> **WHAT TO DO**: The reader should set down exactly the lines from the one containing "Natural genuine round" through the last line of the material, omitting every picture.

> **DATA SEGMENT**:
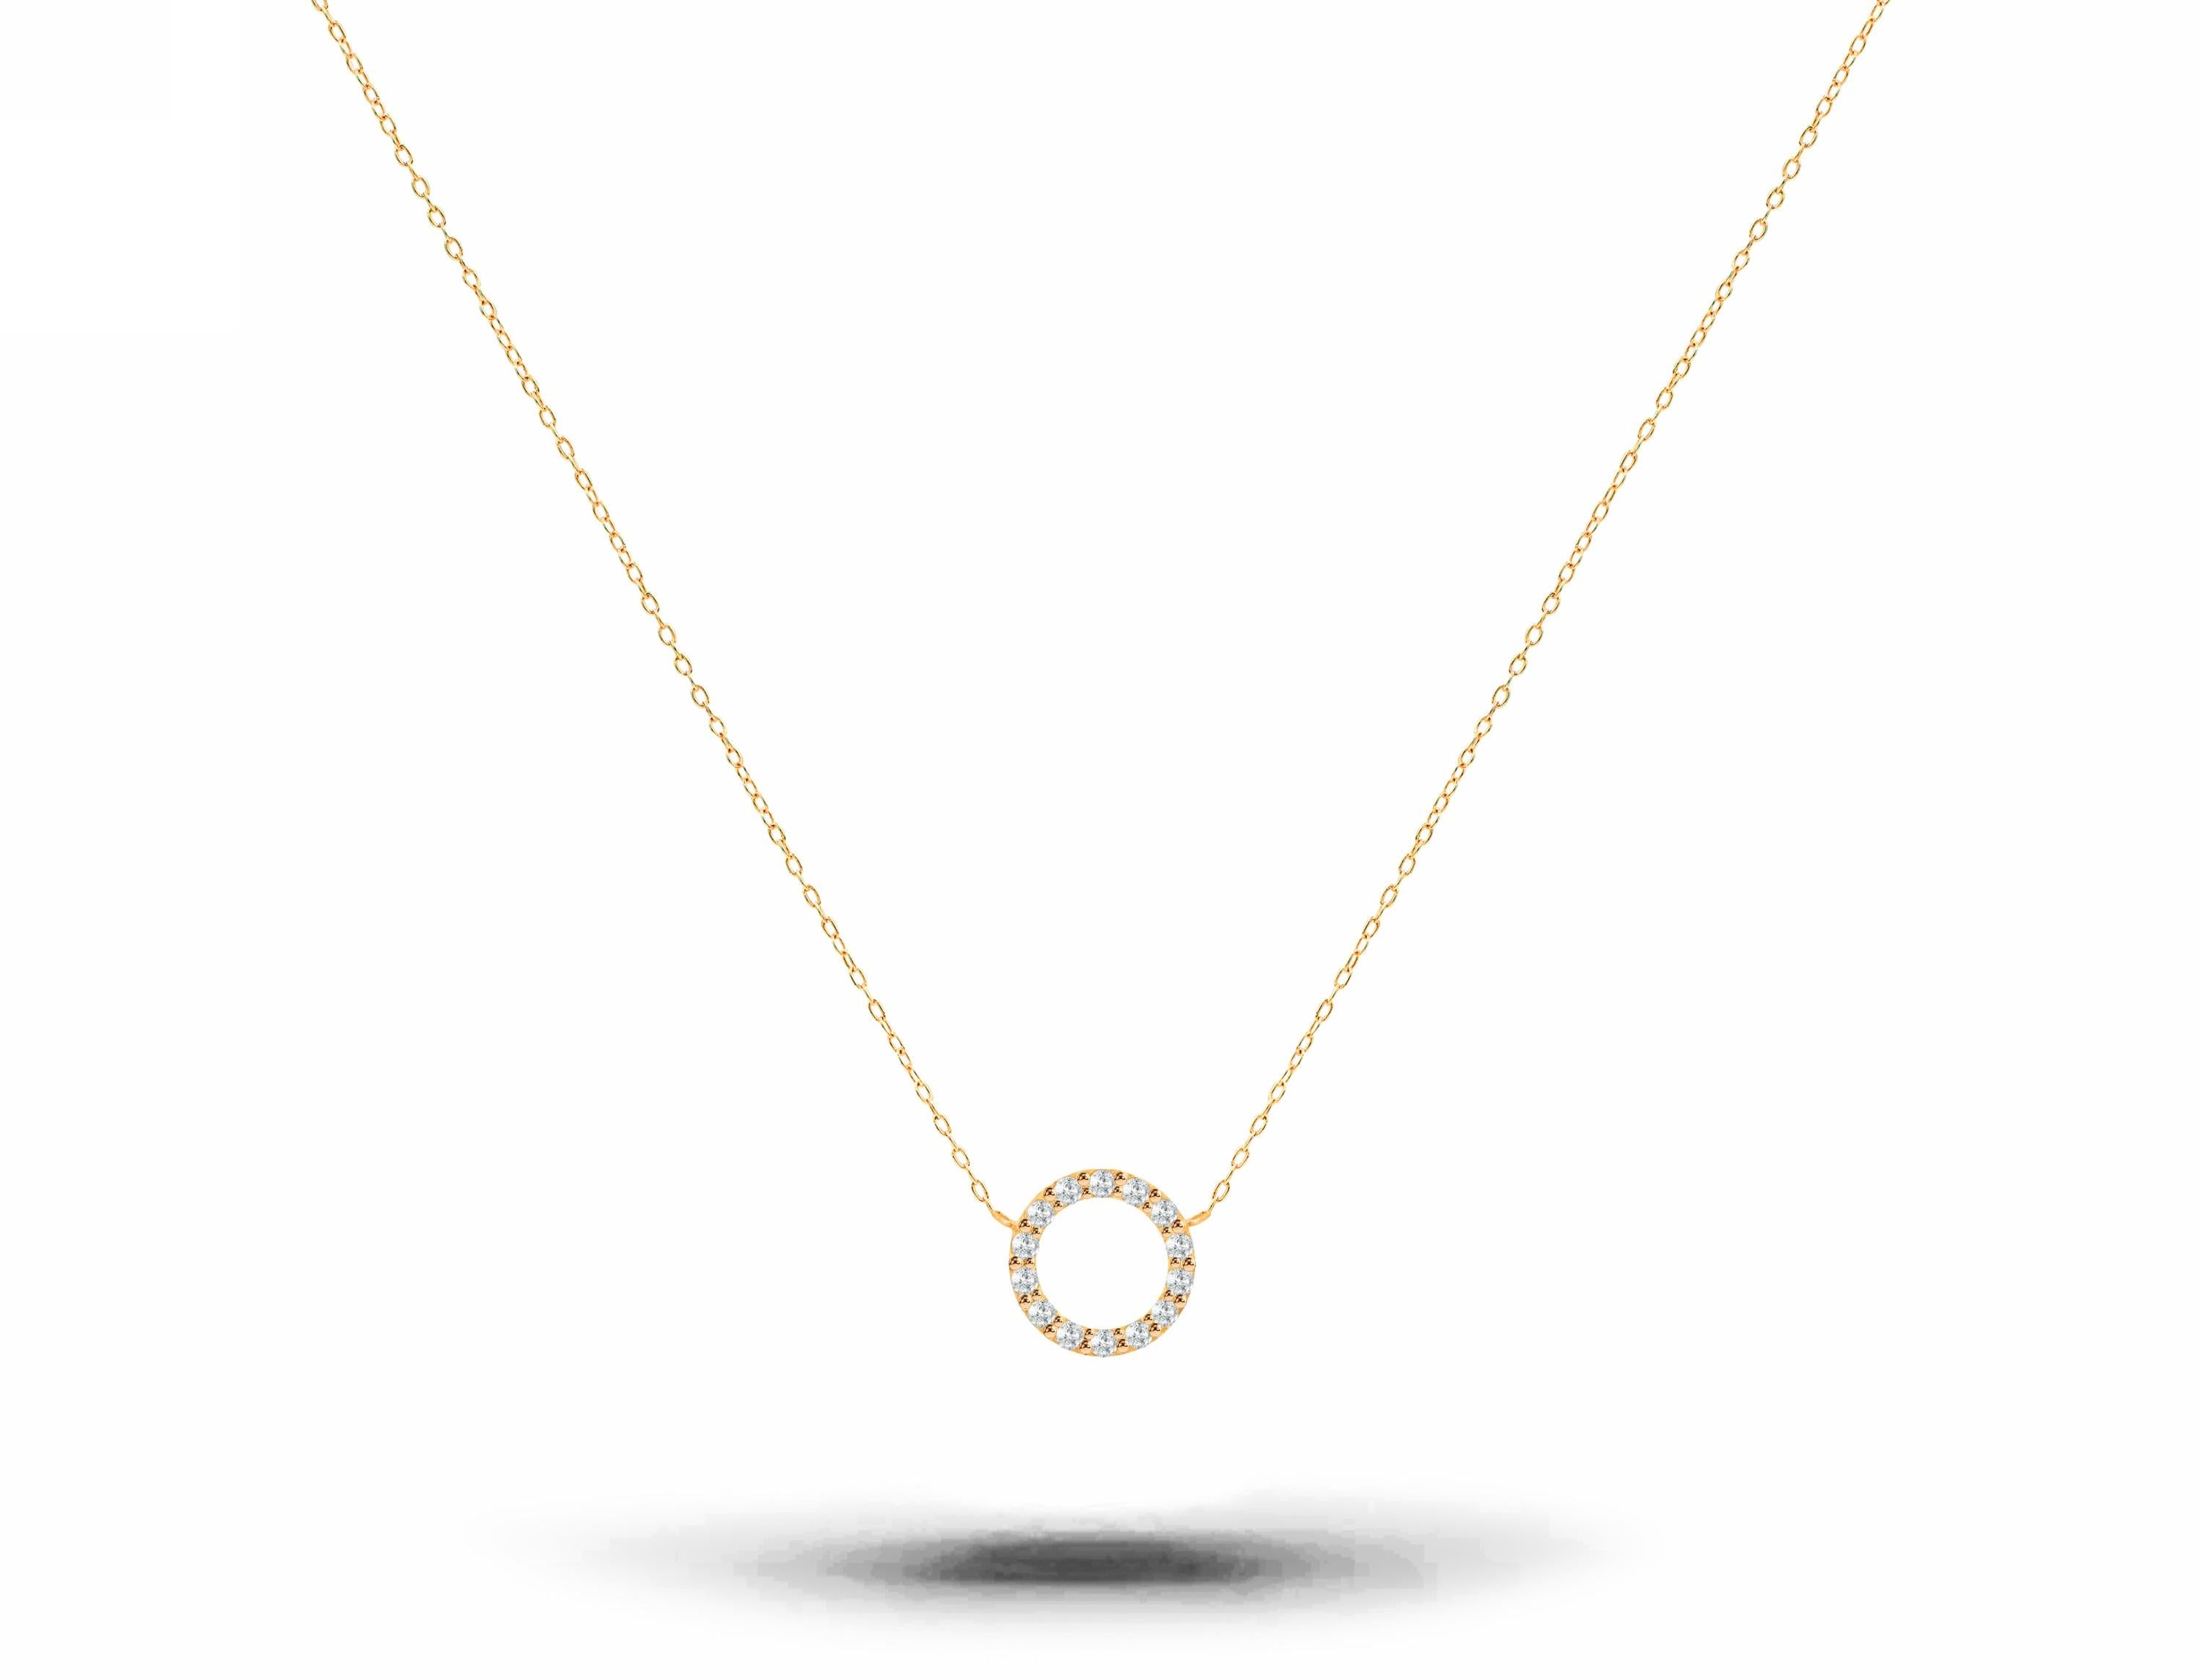 Diamond Circle Necklace is made of 14k solid gold available in three colors of gold: White Gold / Rose Gold / Yellow Gold.

Natural genuine round cut diamond each diamond is hand selected by me to ensure quality and set by a master setter in our
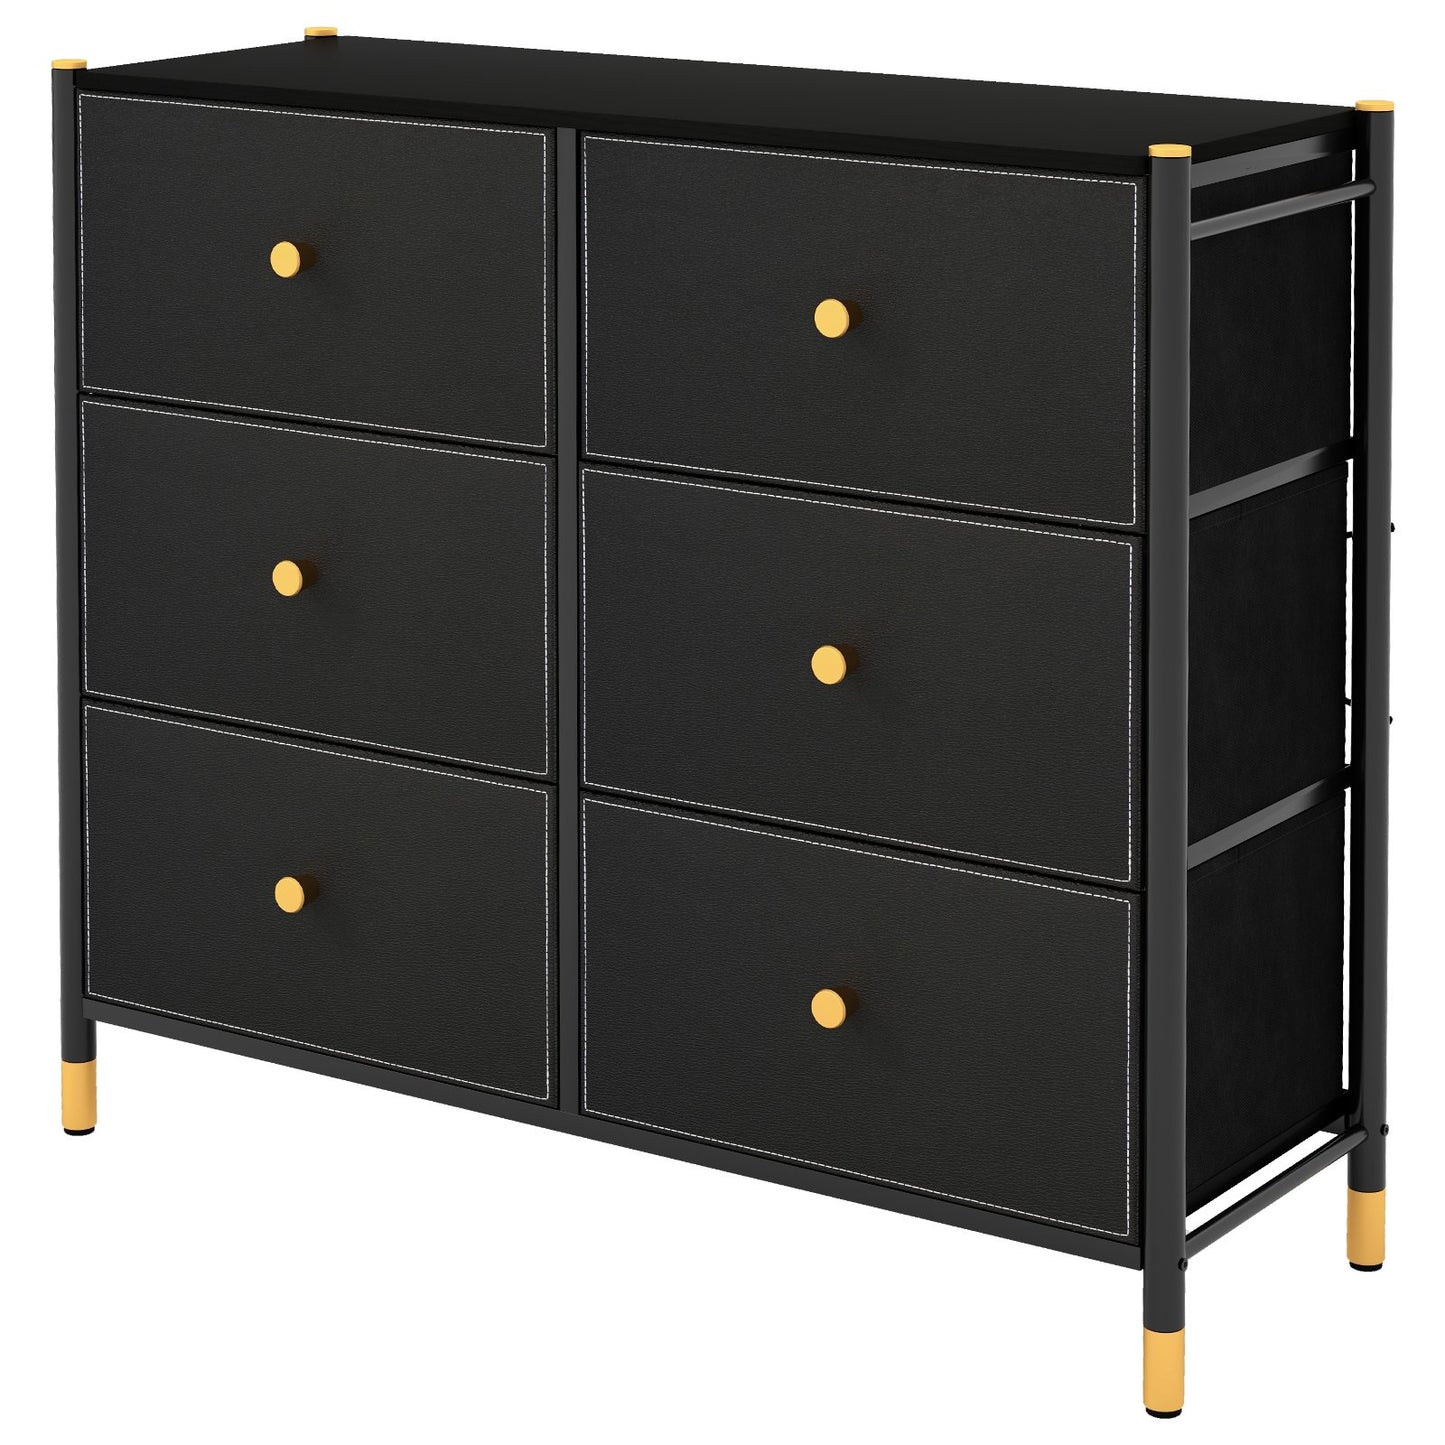 Floor Dresser Storage Organizer with 5/6/8 Drawers with Fabric Bins and Metal Frame-6-Drawer, Black

> **YOUR SOLUTION**:
Natural genuine round cut diamond each diamond is hand selected by me to ensure quality and set by a master setter in our
 Floor Dresser Storage Organizer with 5/6/8 Drawers with Fabric Bins and Metal Frame-6-Drawer, Black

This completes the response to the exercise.